One of the best storylines of the current NBA season is the emergence of New York Knicks rookie, Kristaps Porzingis. The 7’3” 20-year-old Latvian has been a fixture in league highlights, often using his giant frame to soar over opponents and crush high-arcing rebounds back into the net. As such, there’s been a rush to bestow him with a nickname. Suggestions have included “Zinger,” “ScoreZingis,” “Young Lurch,” “PorzinGod,” and, alternatively, “GodZingis.”

When confronted with these choices, Porzingis replied that he preferred his initials, KP, or, in reference to his jersey number, KP6. On social media, these choices were met with near universal derision. At NBA Reddit, a discussion about naming Porzingis garnered nearly 600 comments, and the top voted response was, “this is why people don’t get to pick their own nicknames.”

Michael Adams, an English professor at the Indiana University–Bloomington and the editor of the journal American Speech, says that, as fans, we use nicknames because we are the ones calling the social shots. “We’re the ones who want to describe the narrative as it’s going on, with terms that are familiar with us,” he says.

“When he (Porzingis) favors his initials, or his number, those are things that matter to him, those are identifiers that he thinks of relating to him somehow,” Adams says. “But they are far too tame for an American audience and also it just doesn't satisfy fans not to be control of the sports narrative.”

The players might have a different name that they share in the locker room or over dinner, but when it comes to game action, we have “announcers, sportscasters, talking heads on the television, telling us what the games are all about regardless of what the players think,” Adams says. “Those commentators make up nicknames for the players without any regard for what the players want.”

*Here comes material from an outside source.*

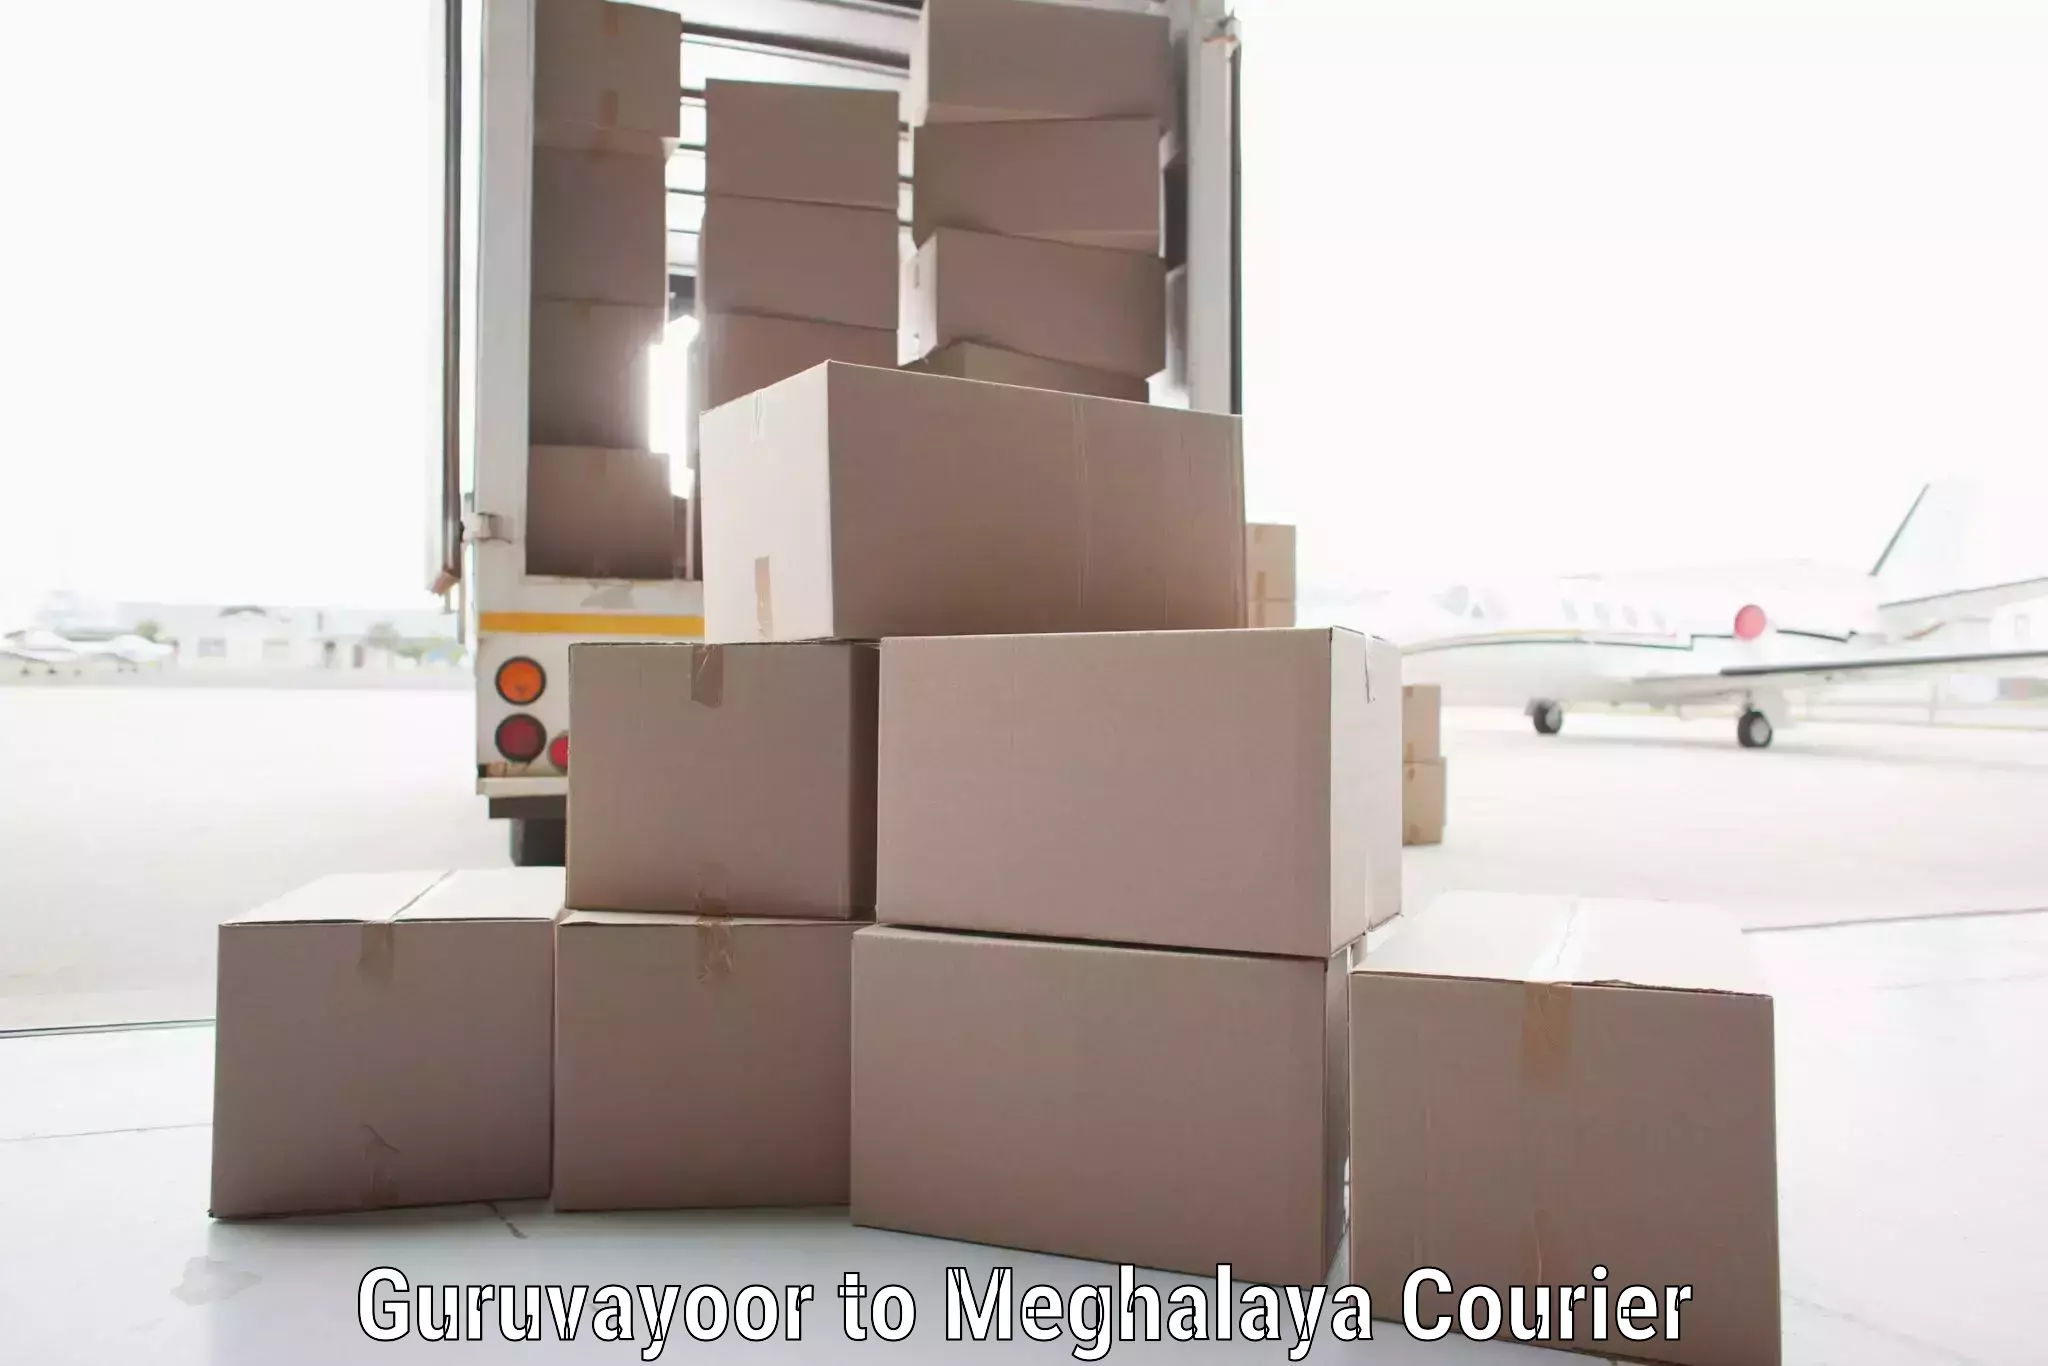 Cost-effective courier options in Guruvayoor to Nongpoh
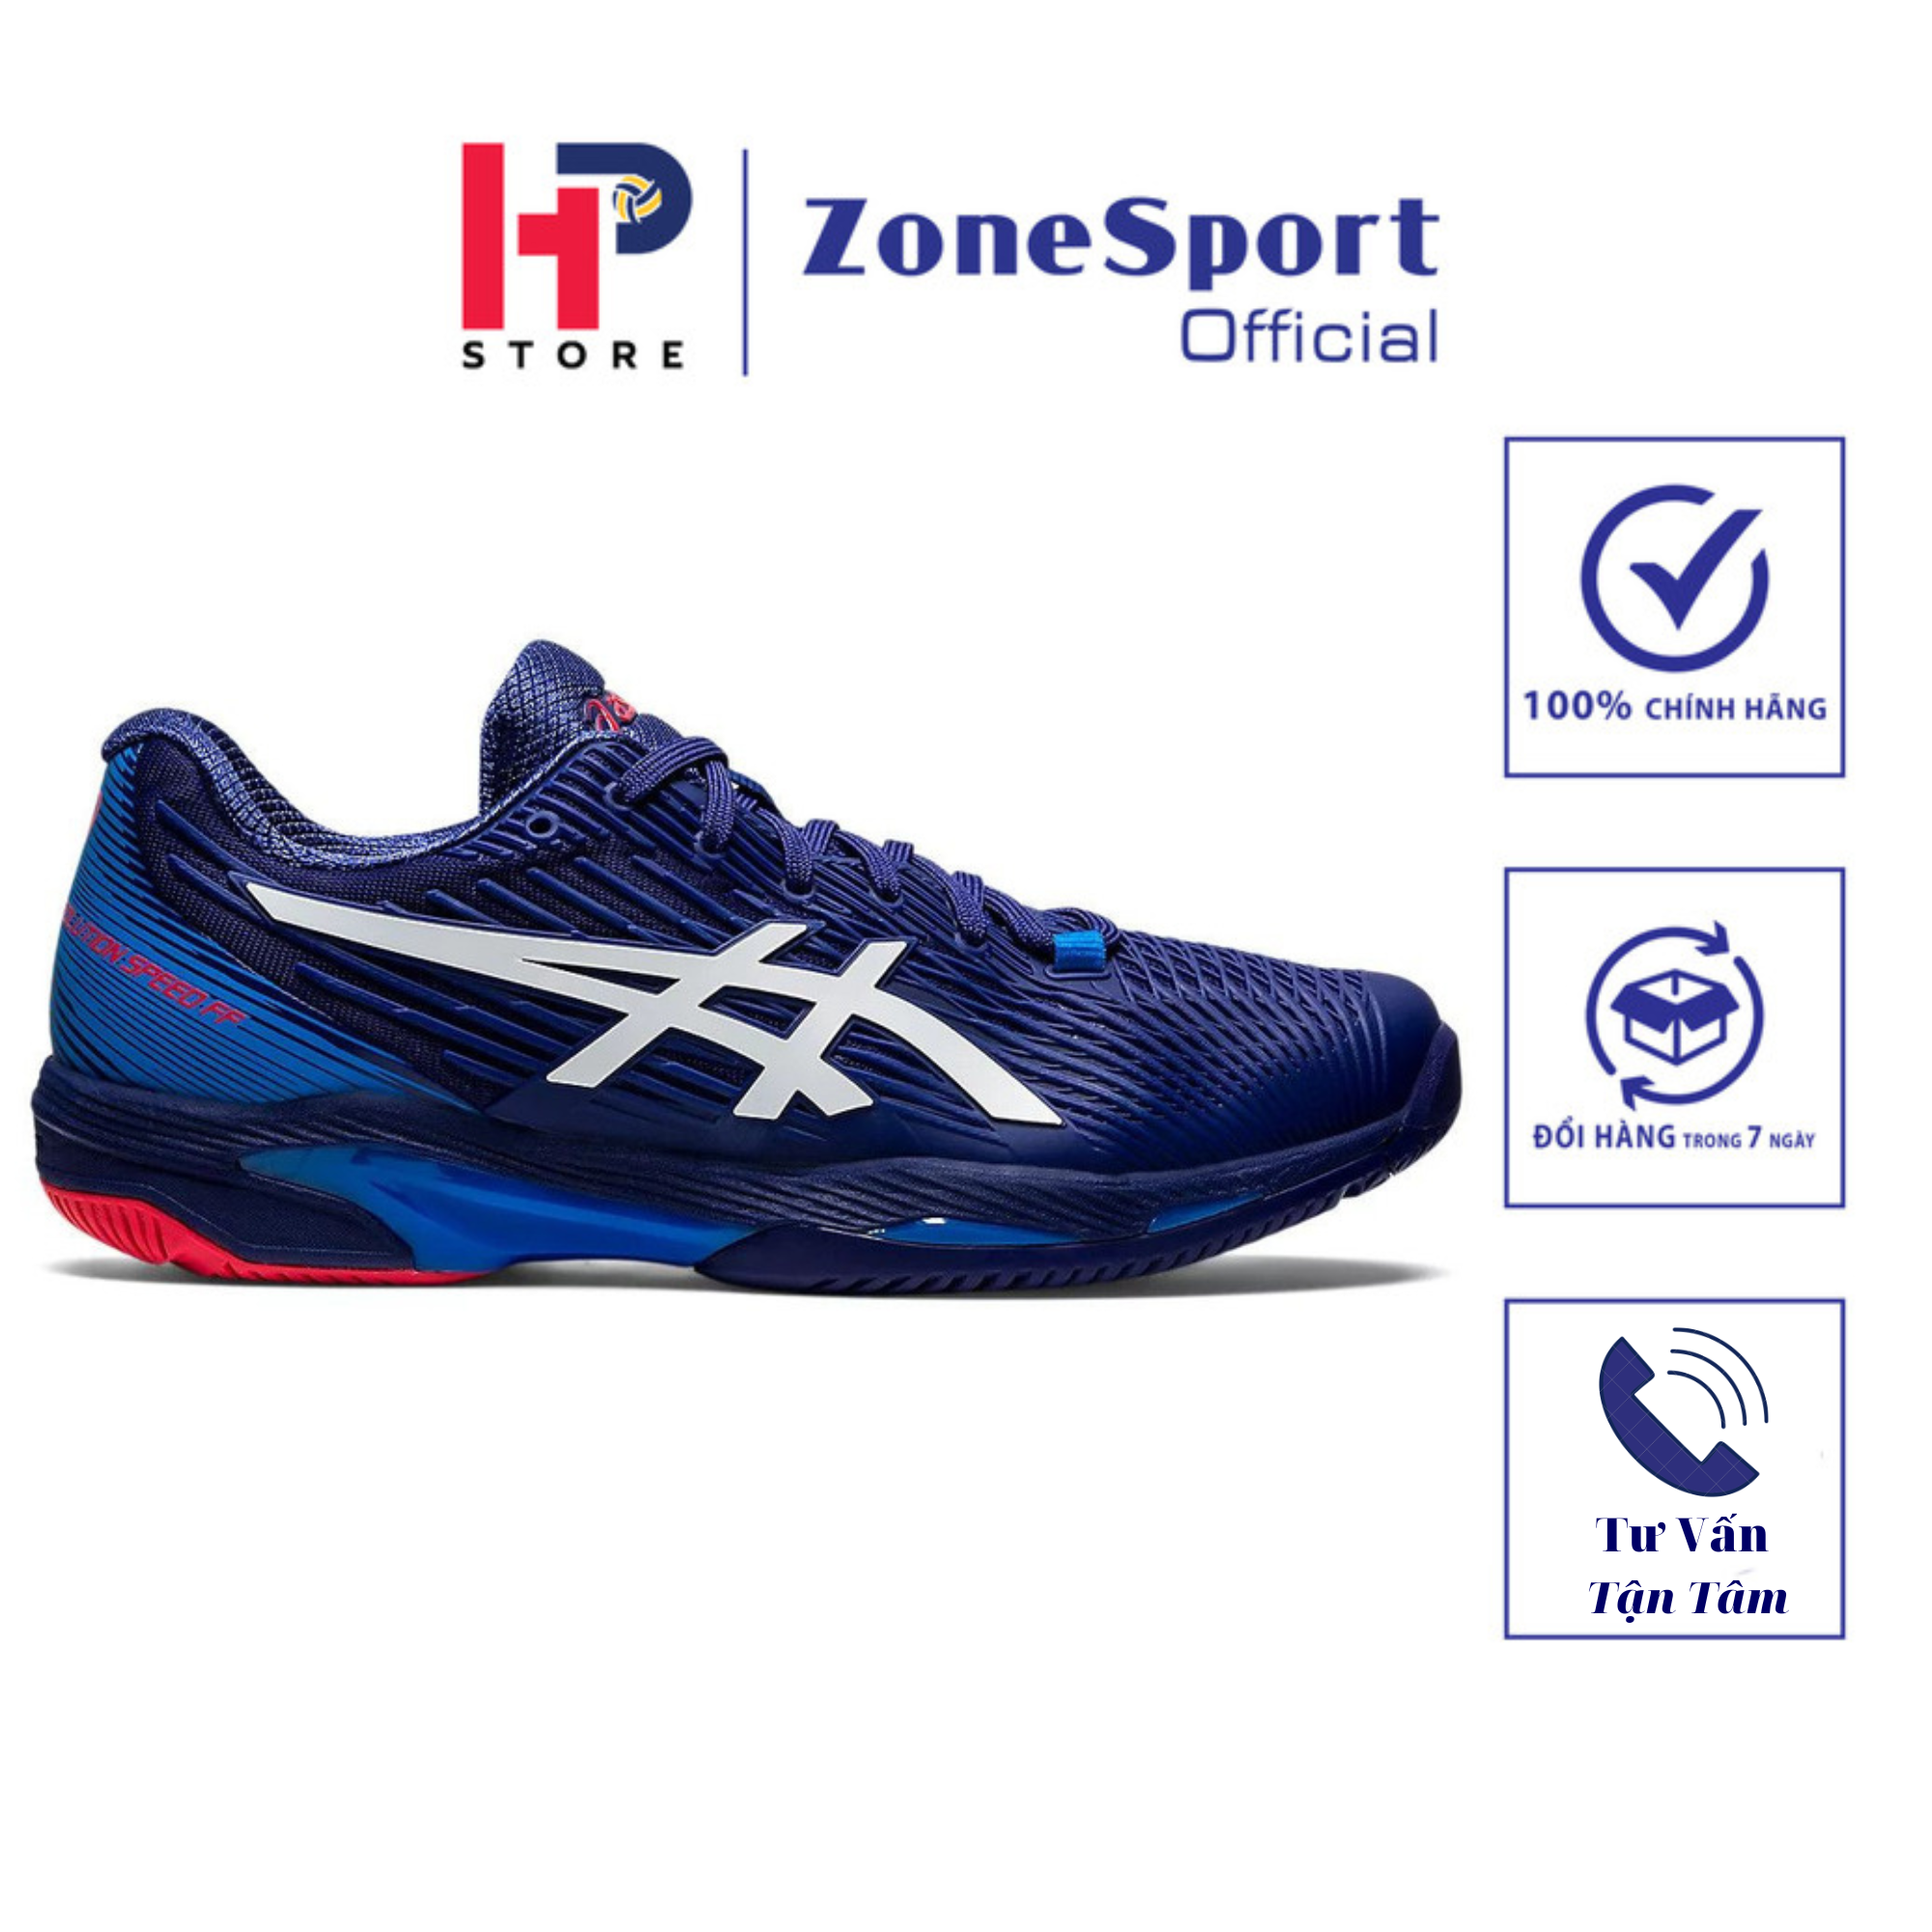 Giày Asics Solution Speed FF 2 Xanh Đen - Giày Chuyên Tennis, Cầu Lông, Bóng Chuyền trọng lượng nhẹ thiết kế độc đáo

For Kennedy, he says it’s understandable that fans would prefer a name like “Zinger” to “KP” as it has some extra semantic content, “but these nicknames aren't going to come from the athletes themselves, and they'll prefer the nicknames that their actual peers give them.”


Wilbur Rodgers died in 1978, at the age of 91. That same year, 17 future Hall of Famers played in the All-Star Game. There was Reggie “Mr. October” Jackson, Johnny “Little General” Bench, Phil “Knucksie” Niekro—players that earned names that are now enshrined next to them in Cooperstown.

It’s nice to imagine that Rawmeat Bill, a career .243 hitter, was somewhere out there watching that game. If he was, he would have seen that, on a field filled with legends, when it comes to all-time great names, his own moniker still stood out.


The Sports Lens is a running series exploring the intersection of sports and culture.